Теперь, оглядываясь назад, он видит над Берлином гигантское полыхающее в небе зарево, словно тучи проливают на город свет. Там, где он едет, все погружено во мрак, и там, куда он едет, все погружено во мрак. Однако он знает, что он не только отдаляется от полыхающего зарева, но что впереди его ждет, как говорят, еще более яркое зарево, нежели то, что он оставил за собой.

Когда это знаешь, тебя не тревожит, что ехать приходится в непроглядной темени, лишь бы дорога вела к сияющему свету. А ведь было время, когда ему приходилось ездить в непроглядной темени. Позади темно, впереди темно, да и кругом глухая ночь. Он еще помнит, как возил ночами распутных девок. И все же он как-то выгреб, а там, глядишь, мрак и рассеялся. И теперь его ждет впереди далекий, далекий свет.

Мало кто думает о нем сейчас в Берлине, разве два-три человека…

Это — жена, она сидит у окошка и смотрит на улицу. Горят газовые фонари, освещая редких прохожих.

Она всегда была малодушной, плаксивой женщиной, но сегодня ее гнетет настоящая печаль. Она не решается двинуться с места, печаль гнетет все безысходнее. С виду как будто ничего не изменилось — отец и раньше работал ночами. Это не чувство брошенности, оттого что в доме нет мужчины…

Нет, это печаль, безысходная печаль. Когда отец впервые заговорил об отъезде, она решила, что он рехнулся. И, судя по тому, что сперва говорил Гейнц, надеялась, что мальчик не допустит поездки. А потом отец заболел, и она была уверена, что ничего у него не выйдет… А ведь вот — вышло!..

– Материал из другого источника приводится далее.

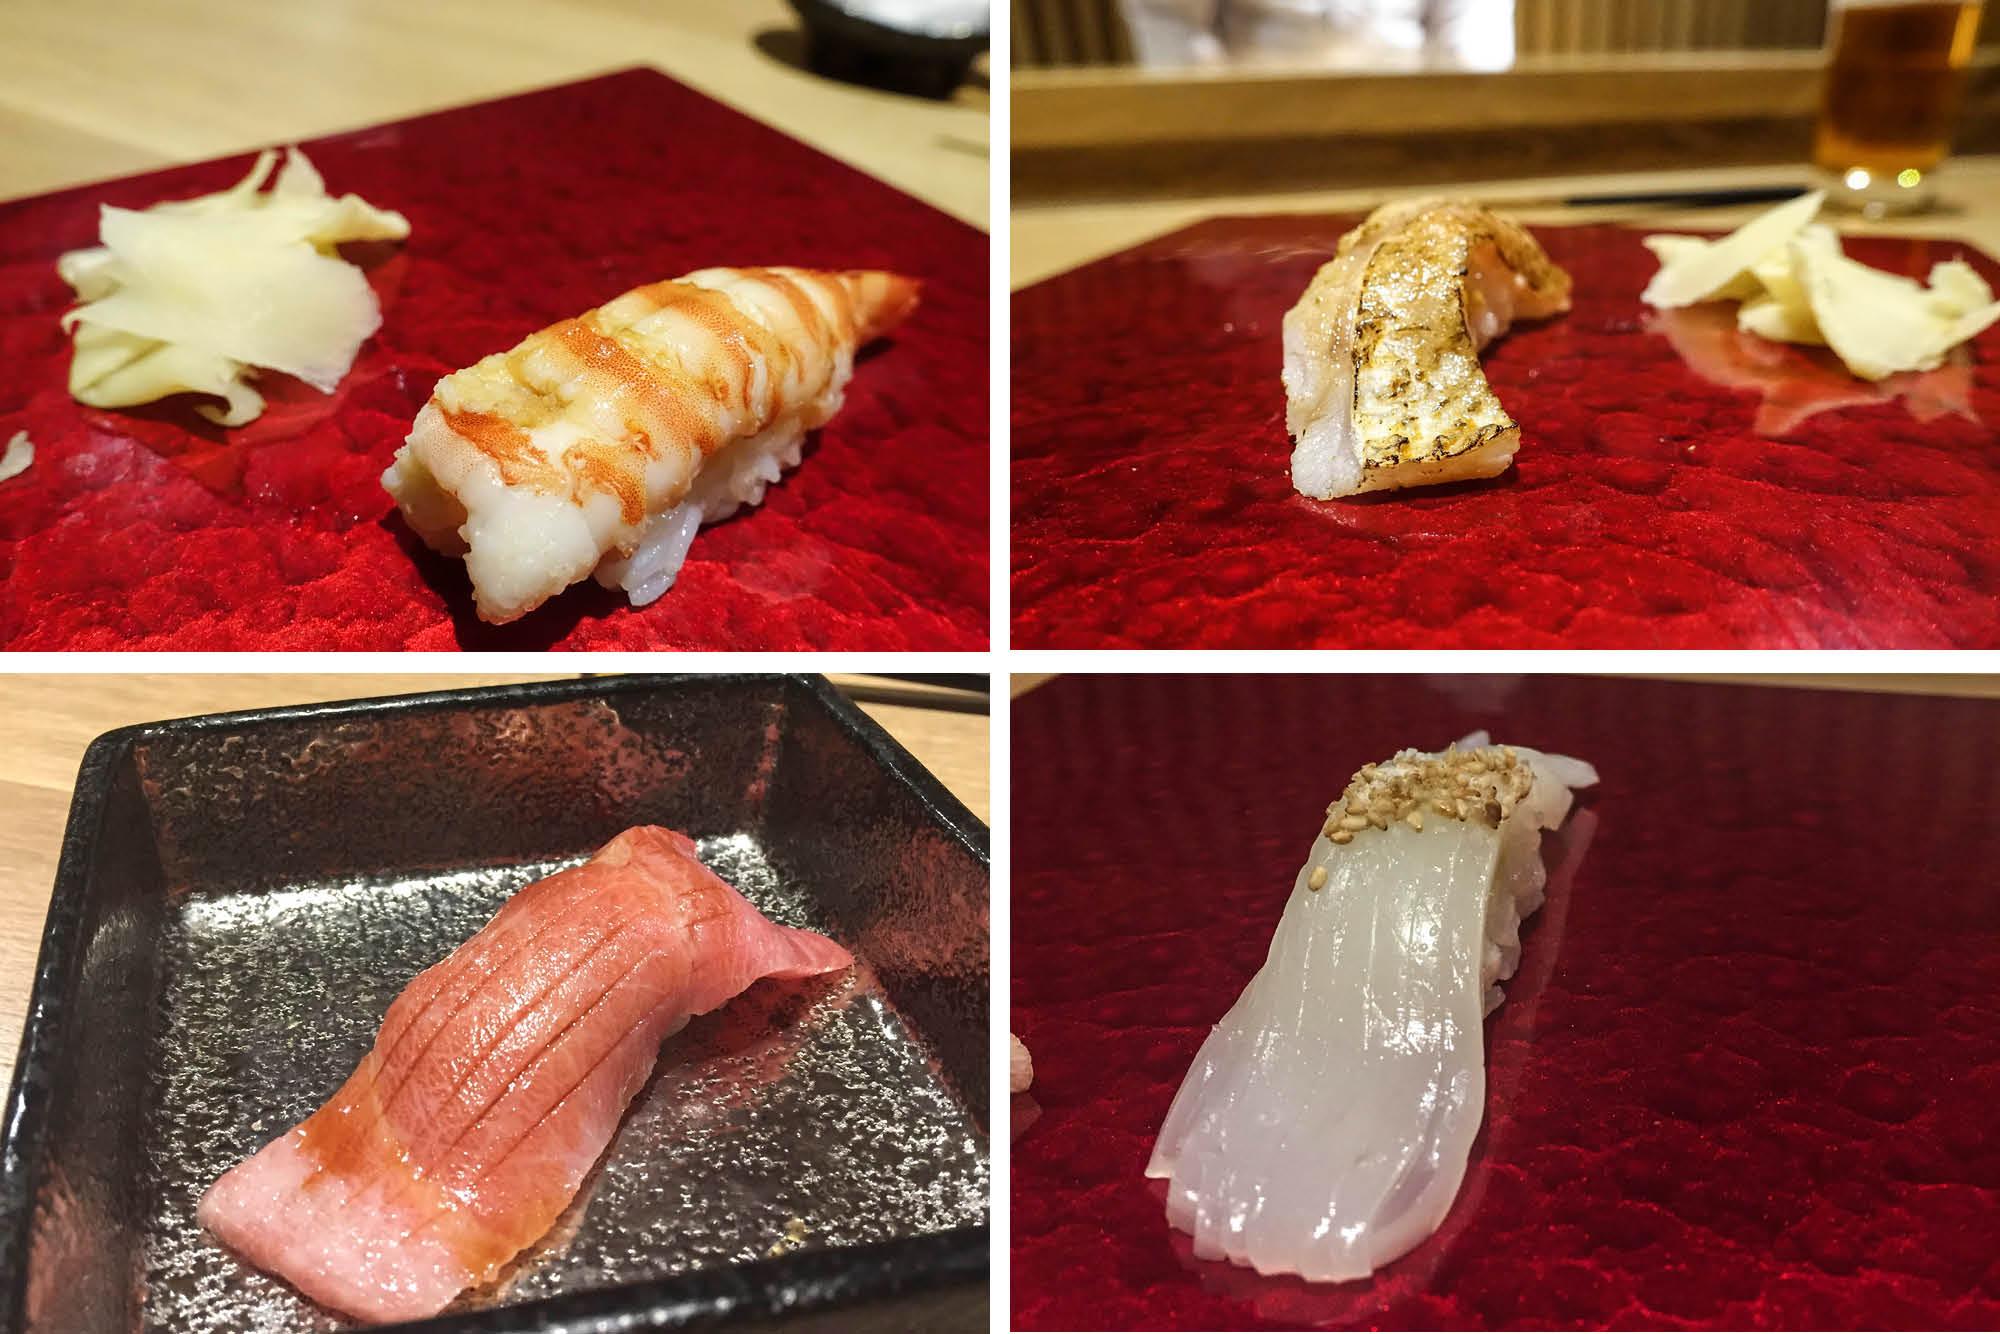 The High-Class Sushi Bar Has a New Secret Weapon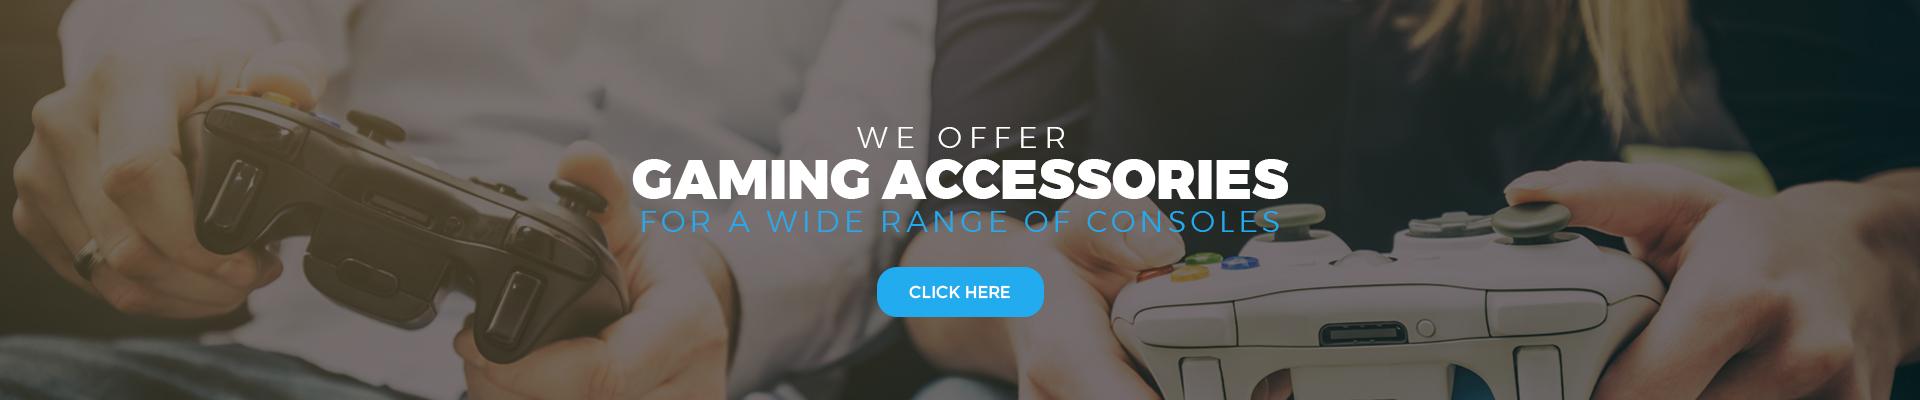 ADZ Distribution | eBay Shops

Снова он поставил на своем. За всю их совместную жизнь не было случая, чтобы он не поставил на своем. Всегда ей приходилось уступать. В том-то и весь ужас, это-то и навеяло на нее безысходную грусть. Она не упрекает отца, он всегда был ей предан. Она совсем не желает ему неудачи, напротив, радуется всякой удаче. Просто, ей хотелось бы хоть раз в жизни настоять на своем! Ей хотелось бы доказать, что в кои-то веки она оказалась права. Сколько раз сговаривалась она с детьми против отца; никогда она не держала его сторону, и всегда-то он умел поставить на своем. Он сотни, тысячи раз поступал неправильно — из-за своего самодурства, своей грубости — и всегда ставил на своем. Ей хотелось бы знать, как это получается? В жизни нет справедливости!..

Мать вздыхает. В безысходной печали глядит она на пустынную улицу. Она так и не зажгла свет и сидит в темной комнате. Да, сидит в темной комнате, как всегда, не зажигая света, — это не было ей дано.

Такова одна из тех, кто думает о Густаве Хакендале, уехавшем в Париж…

Ирма и Гейнц ужинают, маленький Отто спит.

— Отец еще завернул к нам напоследок в своей пролетке, — рассказывает Ирма.

— И что же он сказал?

— Меня дома не было, я уходила гладить. Он скупил у мамы все бумажные флажки и украсил ими пролетку.

— Совсем одурел старик, — заныла в соседней темной комнате Кваасиха, спозаранку легшая спать. — Меня приглашал станцевать с ним на улице. Я его еще таким не видела!

— Значит, доволен, — задумчиво говорит Гейнц. — Хорошо, что мы не стали ему мешать.

— Конечно, хорошо, — поддерживает его Ирма. — Наконец-то у отца какая-то радость в жизни!

— Да, но что будет, когда он вернется? Опять седоков возить? Куда она денется, его радость? — Гейнц умолкает и надолго задумывается.

Таковы два других человека, думающих о старике Хакендале.

В вечерних газетах промелькнула, конечно, заметка об извозчичьем пробеге по маршруту Берлин — Париж — Берлин. Вероятно, найдутся в городе еще люди, вспомнившие в этот вечер старого извозчика. Возможно, даже кто-нибудь из его старых кучеров.

— Представляешь, мать, это все тот же старик Хакендаль, мы еще звали его Железный Густав, я у него работал незадолго до войны — помнишь? Он ежедневно отправлял на биржу тридцать пролеток, и, скажите, додумался до такого баловства! Вот и видно, что у нас с людьми творится!

Или же Рабаузе, он теперь ходит за лошадьми на пивоварне. Он сильно постарел, но сохранил ясную голову, и помнит все, как если б это было вчера. «Вот так номер, — думает он. — Бедняге Отто он только и долбил, что про работу да про долг, а сам вон что выкинул. Жаль, не узнает об этом Отто!»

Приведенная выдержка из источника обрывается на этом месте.